-- INPUT DATA follows --

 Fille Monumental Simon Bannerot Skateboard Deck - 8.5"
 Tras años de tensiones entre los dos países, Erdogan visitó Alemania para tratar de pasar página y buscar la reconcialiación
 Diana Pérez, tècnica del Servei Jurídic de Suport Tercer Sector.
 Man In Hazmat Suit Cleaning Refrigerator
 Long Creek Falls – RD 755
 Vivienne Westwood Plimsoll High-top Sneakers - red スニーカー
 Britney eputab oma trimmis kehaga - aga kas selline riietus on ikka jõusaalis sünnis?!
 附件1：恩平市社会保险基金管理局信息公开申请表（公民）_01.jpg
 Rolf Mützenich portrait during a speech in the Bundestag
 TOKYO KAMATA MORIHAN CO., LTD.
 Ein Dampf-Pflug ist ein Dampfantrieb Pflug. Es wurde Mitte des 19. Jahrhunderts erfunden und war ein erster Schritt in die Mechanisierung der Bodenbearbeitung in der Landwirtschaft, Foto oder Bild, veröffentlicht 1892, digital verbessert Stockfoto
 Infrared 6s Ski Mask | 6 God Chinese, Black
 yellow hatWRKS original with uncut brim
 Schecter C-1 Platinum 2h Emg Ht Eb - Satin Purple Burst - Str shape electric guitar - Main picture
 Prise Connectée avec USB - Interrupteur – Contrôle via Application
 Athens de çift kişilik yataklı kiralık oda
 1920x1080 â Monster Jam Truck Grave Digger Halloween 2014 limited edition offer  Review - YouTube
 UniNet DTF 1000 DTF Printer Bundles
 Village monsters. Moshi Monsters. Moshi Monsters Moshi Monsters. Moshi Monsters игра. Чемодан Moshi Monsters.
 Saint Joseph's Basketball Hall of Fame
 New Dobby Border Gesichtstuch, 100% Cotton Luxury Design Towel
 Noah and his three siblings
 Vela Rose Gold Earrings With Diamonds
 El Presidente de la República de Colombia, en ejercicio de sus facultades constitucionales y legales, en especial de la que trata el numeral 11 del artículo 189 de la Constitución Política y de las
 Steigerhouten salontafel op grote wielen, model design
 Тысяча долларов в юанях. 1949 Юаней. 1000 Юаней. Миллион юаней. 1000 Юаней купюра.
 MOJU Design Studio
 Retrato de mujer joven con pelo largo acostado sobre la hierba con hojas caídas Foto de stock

-- INPUT DATA concluded --

#### BRIEF:
The expected output is the exact run of lines from the line with "Тысяча долларов в" through the last line of the material above.

#### WRITTEN SOLUTION:
 Тысяча долларов в юанях. 1949 Юаней. 1000 Юаней. Миллион юаней. 1000 Юаней купюра.
 MOJU Design Studio
 Retrato de mujer joven con pelo largo acostado sobre la hierba con hojas caídas Foto de stock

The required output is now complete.